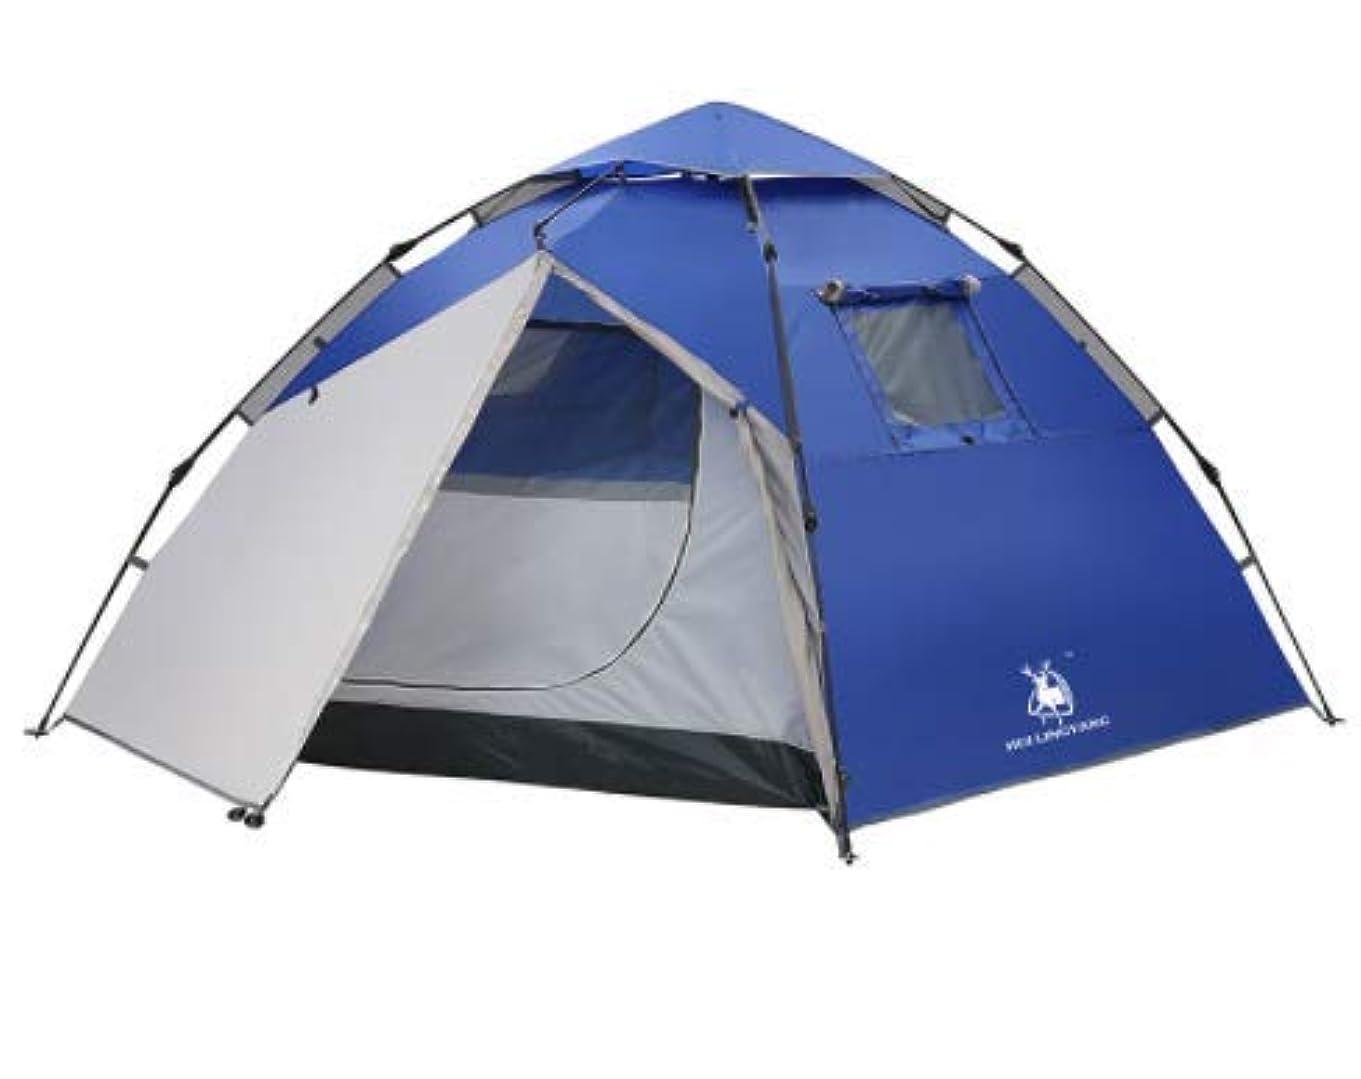 コンパクト起こる海里Feelyer 家族の屋外のキャンプのテント3-4人雨の防水と防風の春の自動スケルトンのテント家族のキャンプ 顧客に愛されて
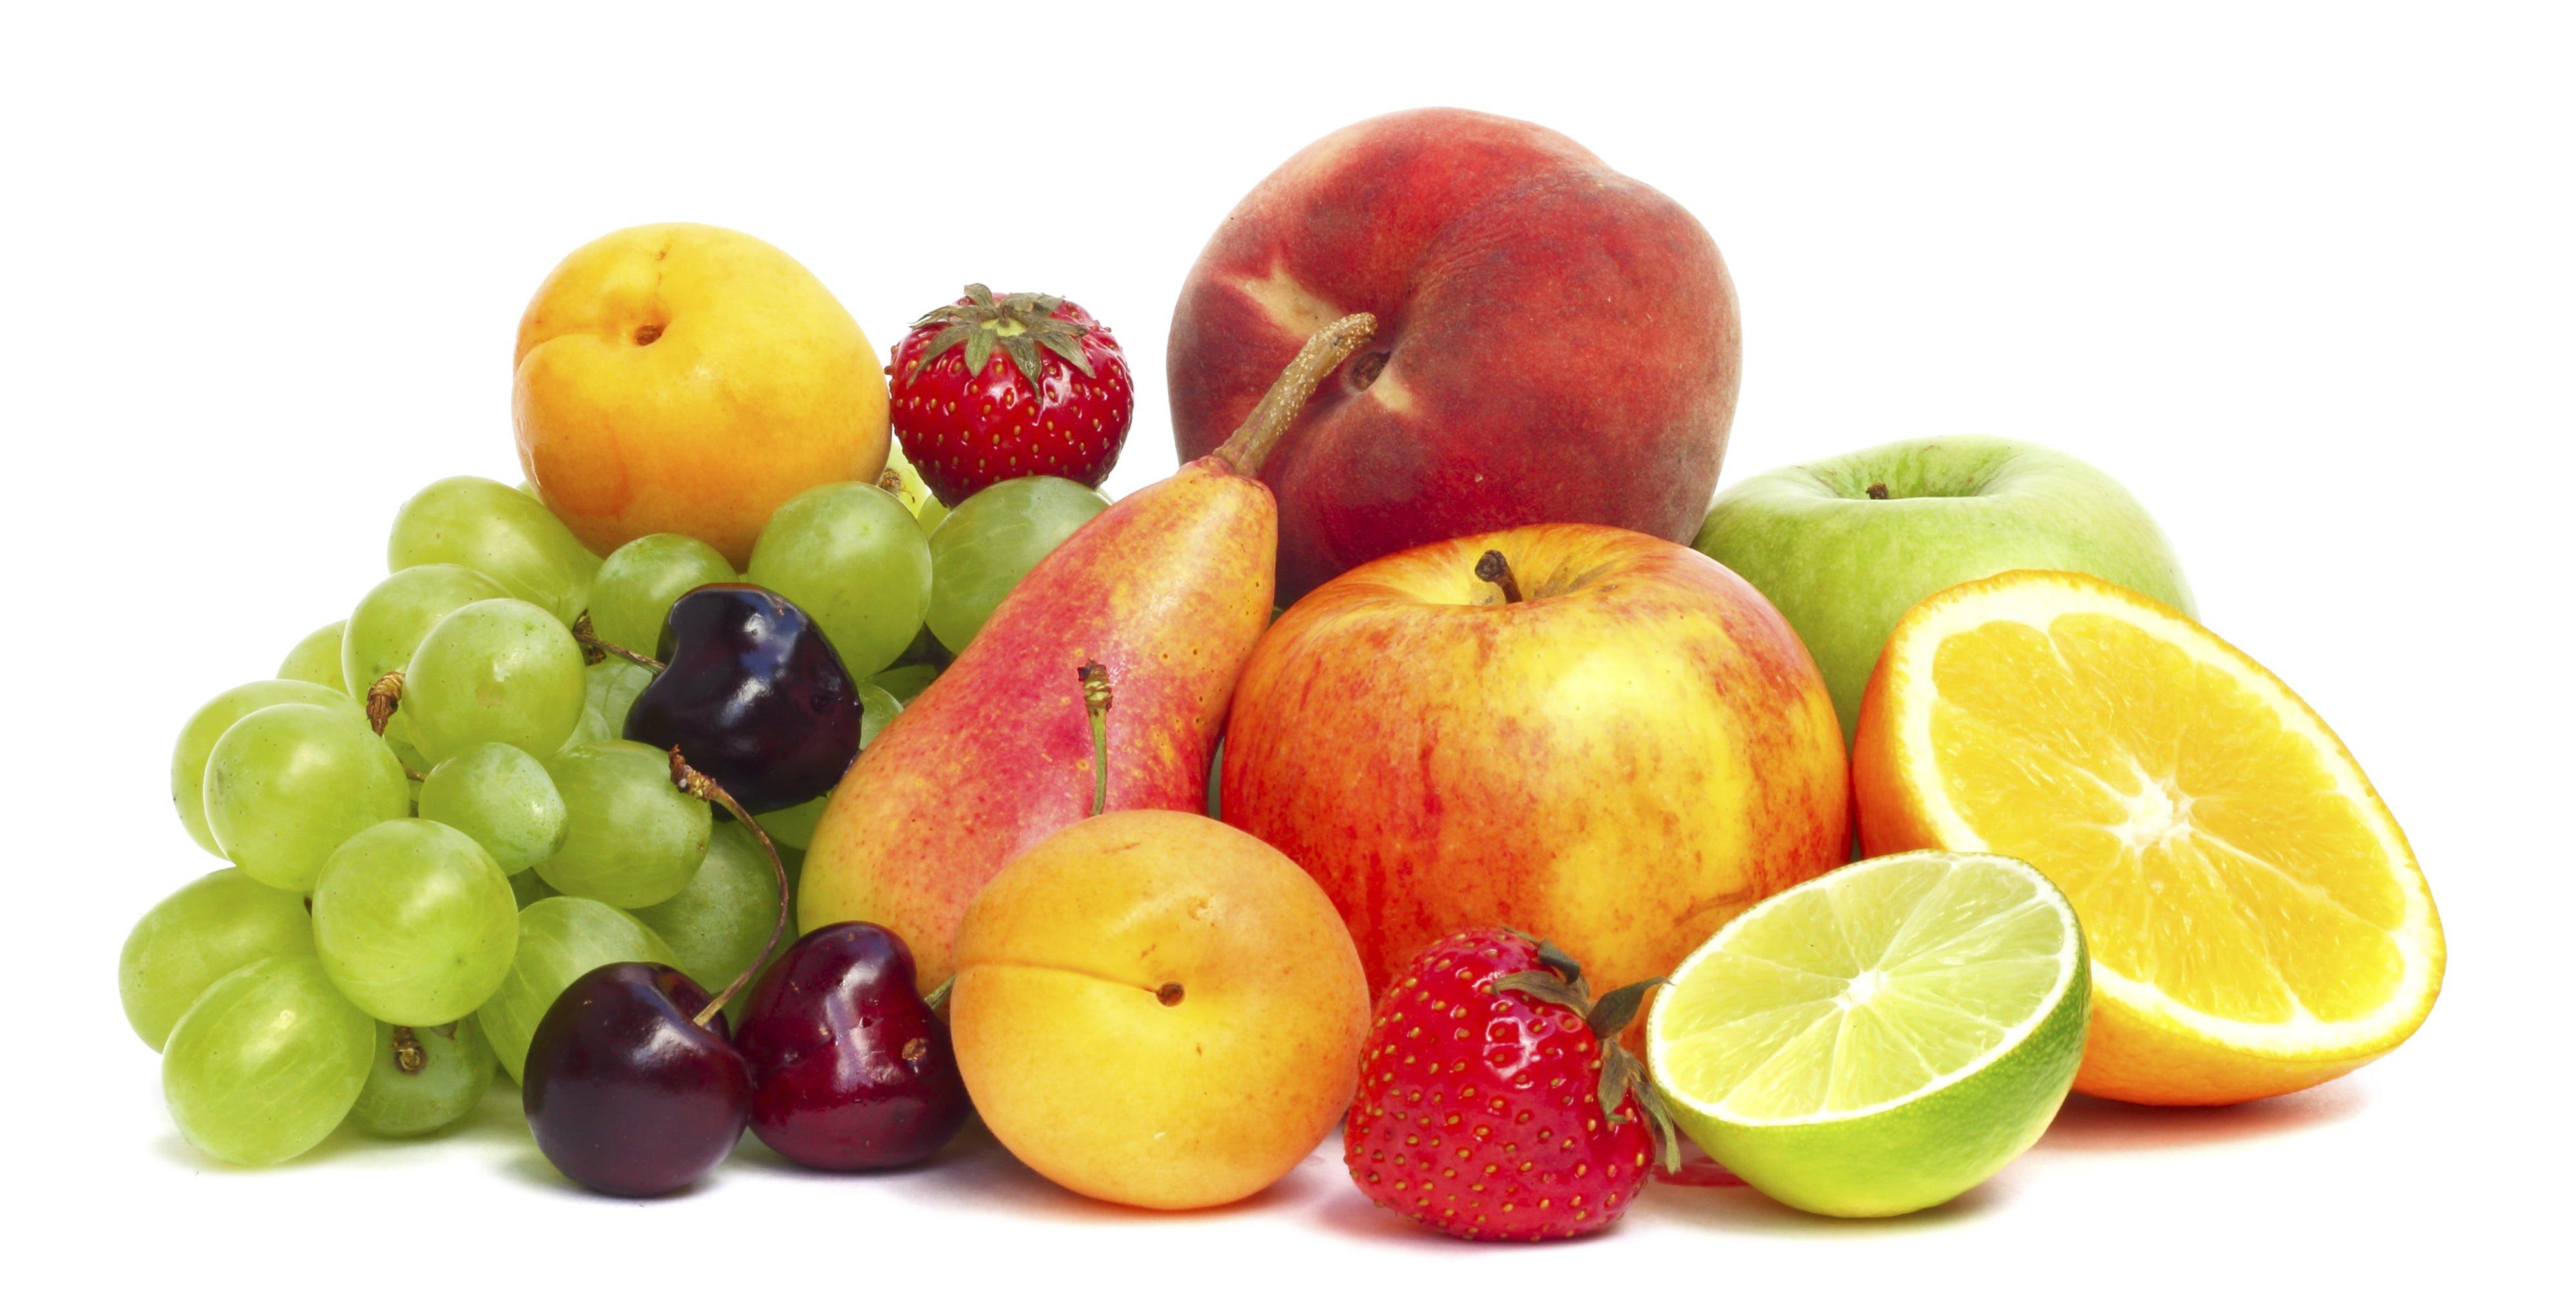 رژیم میوه خواری 3 روزه برای لاغری چیست
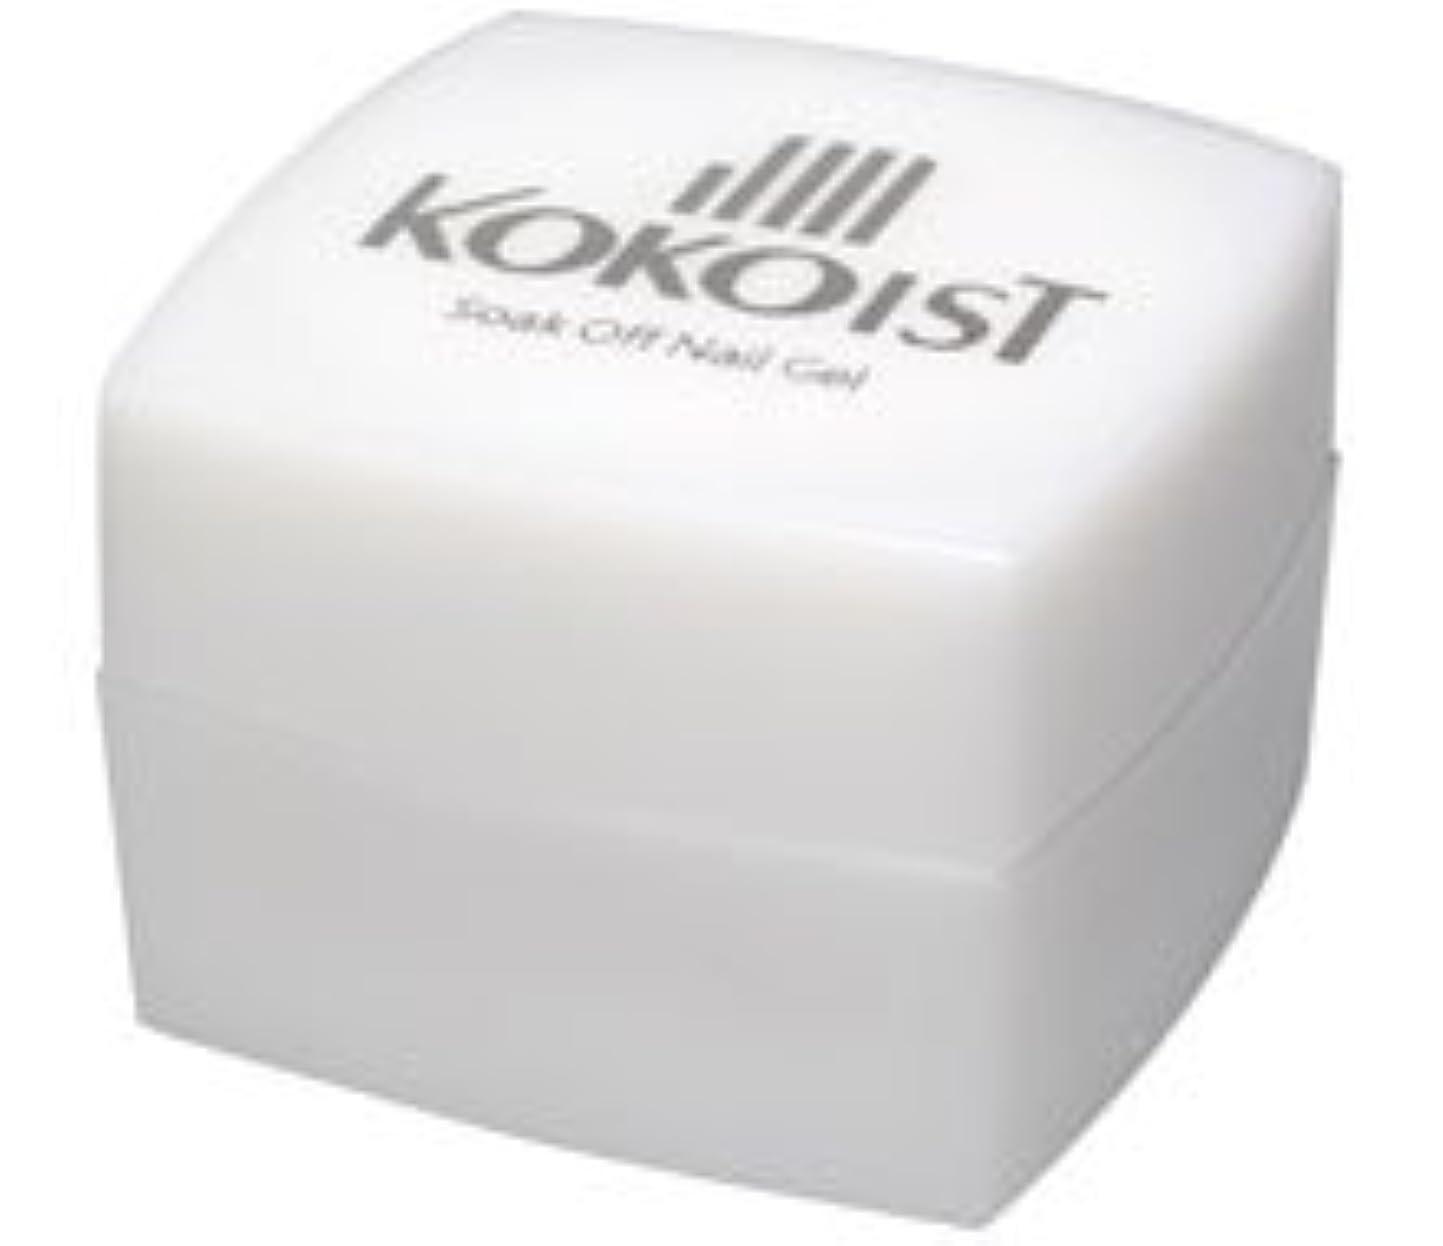 KOKOIST(ココイスト) ソークオフ クリアジェル プラチナボンドII 4g
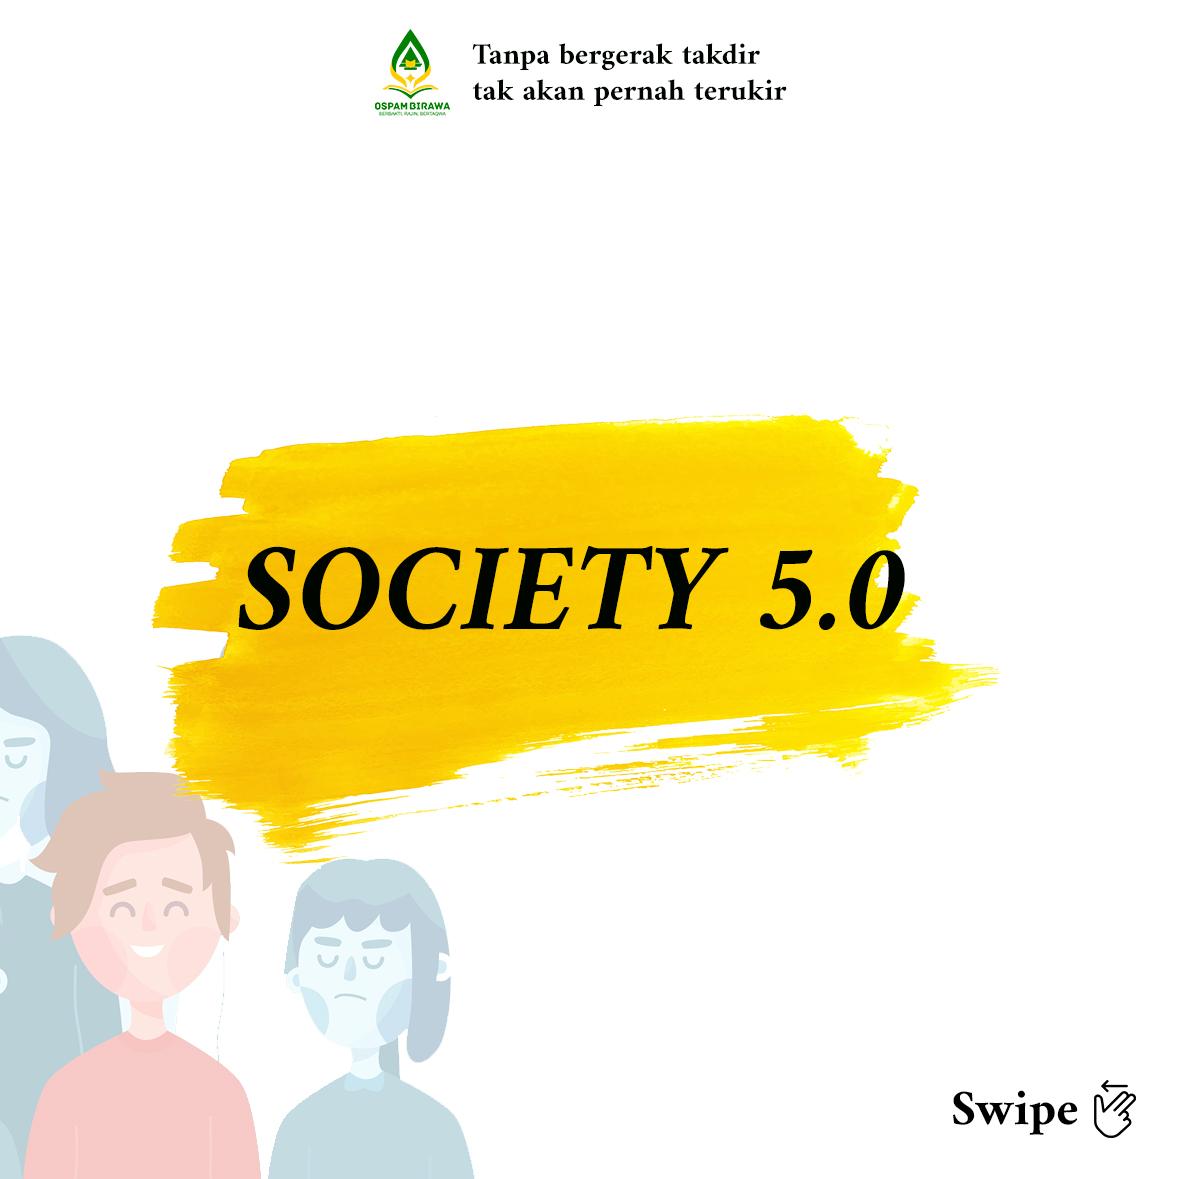 SOCIETY OF 5.0 -  ASOSIASI TEKNIK PESANTREN MAHASISWA AL-HIKAM MALANG

════════════════════

▶ _What to work on_
Every line above needs to be written out again as it stands. Pictures do not belong in the copy.

▶ _Exercise result_
 コンパクト起こる海里Feelyer 家族の屋外のキャンプのテント3-4人雨の防水と防風の春の自動スケルトンのテント家族のキャンプ 顧客に愛されて
 رژیم میوه خواری 3 روزه برای لاغری چیست
 KOKOIST(ココイスト) ソークオフ クリアジェル プラチナボンドII 4g
 SOCIETY OF 5.0 -  ASOSIASI TEKNIK PESANTREN MAHASISWA AL-HIKAM MALANG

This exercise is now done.